TABLE-US-00001 TABLE 1 Slide preparation Slide number Solution Rinse batch 1 187 Saline A 2 187 Water B 3 Genteal ® Saline A 4 Genteal ® Water B 5 Soothe ® Saline A 6 Soothe ® Water B 7 186 Saline A 8 186 Water B 9 Systane ® Saline A 10 Systane ® Saline B 11 Refresh Liquigel ® Saline A 12 Refresh Liquigel ® Saline B 13 Refresh Endura ® Saline A 14 Refresh Endura ® Saline B 15 185 Saline A 16 185 Saline B E 185, 186, 187 Saline C F 187, 185 Saline C
 Assessments of adhesion of the test article to the mucin coated slide: Observations of test slides under naked eye viewing conditions, and recorded by photograph, show several things:
 1) The cationic "LyoCells" of the instant invention (slide #16) show strong binding of the dyed particles, rivaled only by the "Refresh®" product among the test articles;
 2) Mucin adhesion of cationic Lyocells (185 and 186, slides #16 and 8) showed clear superiority compared with the other lipid-based dry eye products (Endura and Soothe, slides #14 and 6). As the lipid layer of the tears is thought to confer resistance to tear evaporation, it can be inferred that mucin binding should enhance clinical efficacy in a lipid based product.
 3) The particles have substantially remained concentrated at the site where they were applied, demonstrating not only strong adhesion but also rapid kinetics of binding.
 The concentrated spot areas on slide #16 were even more strongly and uniformly colored before a portion of the lower spot was stripped away during the wash; this material is more prone to stripping away than would otherwise be the case due simply to the greater thickness of the spot (in turn due to the rapid binding), which was dramatically seen in fluorescence microscopy, and in DIC mode.
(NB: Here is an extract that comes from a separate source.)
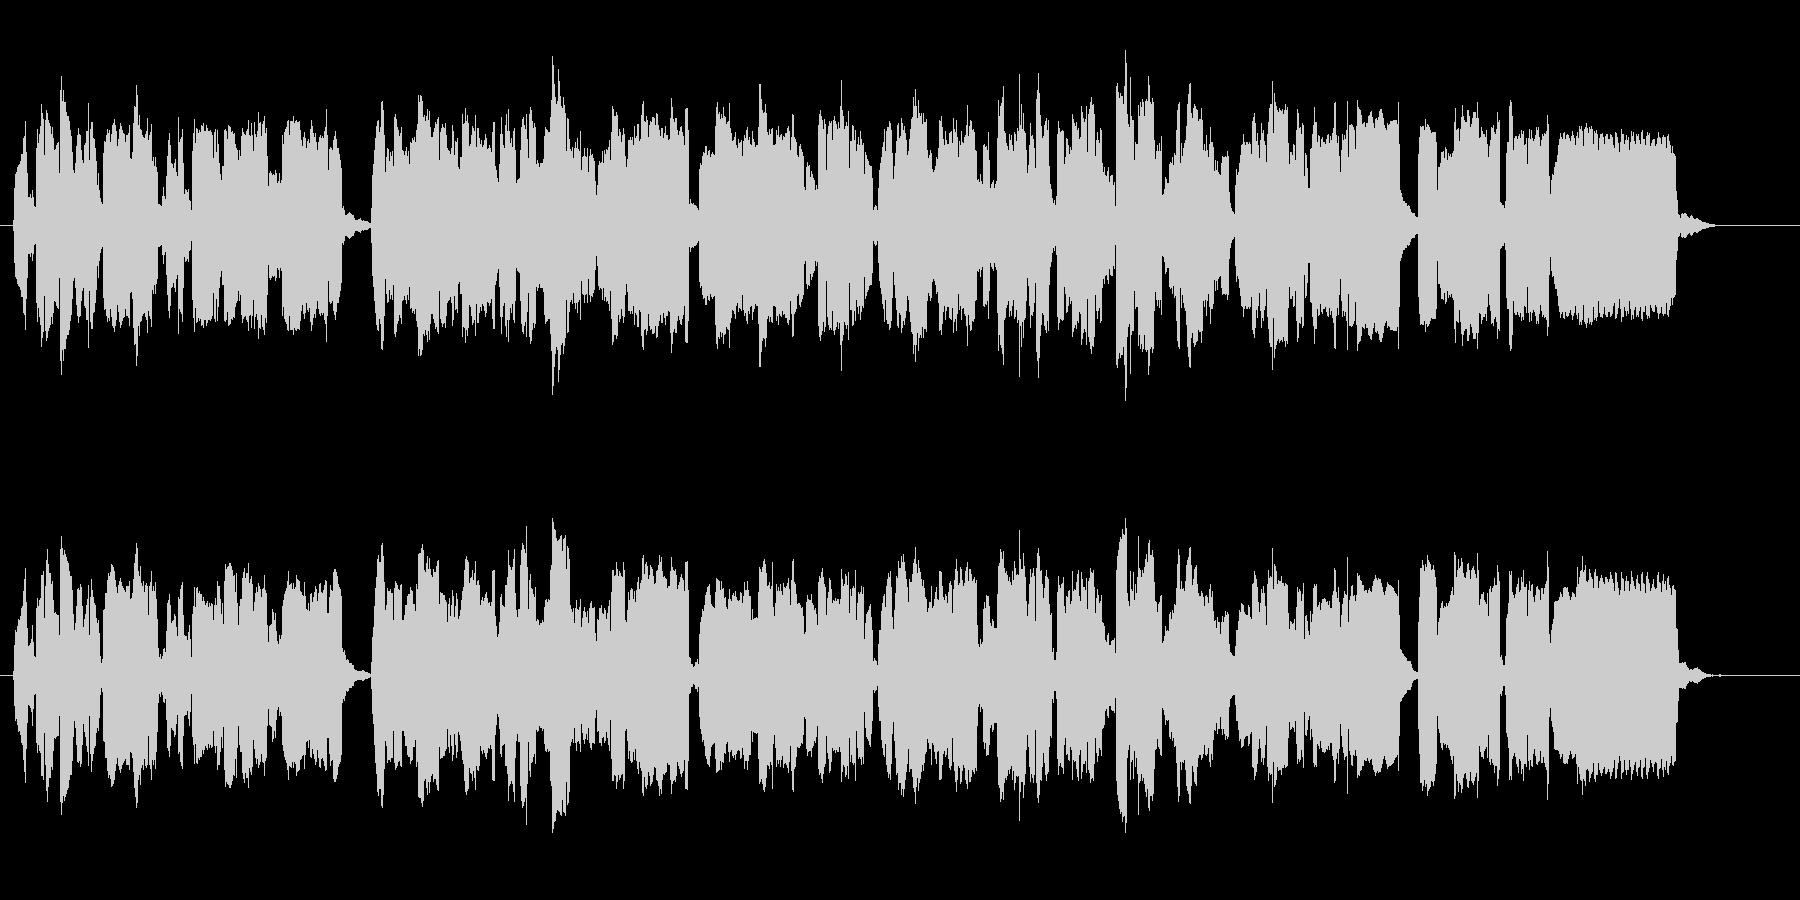 ルネサンス期の古楽器リコーダーの三重奏の未再生の波形

 Optical micrographs of selected slides were then performed as follows. Using low magnification (10× objective) in Differential Interference Contrast mode, photomicrographs were taken through a side port in a Reichert-Jung Polyvar microscope. All samples were photographed with the same microscope and camera conditions. These were imported into the image processing program PhotoImpact 7. The "Hue and Saturation" menu was invoked, and the Range of colors selected to cover the red and orange regions of the color spectrum, and the filter applied to each image; this was done to capture the dye over any other features in the micrographs, and to aid in converting to a grayscale image suitable for a patent disclosure. In this way, regions high in dye concentration appear strongly black, against a predominantly white or light-gray background. The photomicrographs so prepared included:
 a photomicrograph of Slide #2, anionic LyoCell dispersion, in DIC mode. Dark areas are regions of high dye concentration.
 a photomicrograph of Slide #6, Soothe, in DIC mode. Dark areas are regions of high dye concentration.
 a photomicrograph of Slide #8, cationic LyoCell dispersion with 0.5% oleylamine, in DIC mode. Dark areas are regions of high dye concentration.
 a photomicrograph of Slide #14, Endura, in DIC mode. Dark areas are regions of high dye concentration; and,
 a photomicrograph of Slide #16, cationic LyoCell dispersion with 0.1% oleylamine, in DIC mode. Dark areas are regions of high dye concentration.
 These micrographs clearly showed the strong binding of the cationic dispersion at 0.1% oleylamine. Indeed, careful inspection of the photos showed the deep thickness of the microparticle film, and this was dramatically evident in both DIC and fluorescence mode.
 Didodecyldimethylammonium bromide (DDAB), a cationic double-chained surfactant, in the amount 0.143 gm, was admixed with 6.140 gm of oleylamine, 1.896 gm of Phospholipid 90G (Phospholipid GmbH), 0.778 gm of alpha-tocopherol (ADM), and 1.694 gm of water to make a reversed cubic phase. From this 2.999 gm were dispersed in 26.982 gm of water by first homogenizing for 15 minutes (Polytron 3000, speed 5), then microfluidizing for 3 cycles of 1.5 minutes each. The zeta potential measured (Beckman-Coulter DELSA instrument) was centered around +106 mV, at a pH of 7.16.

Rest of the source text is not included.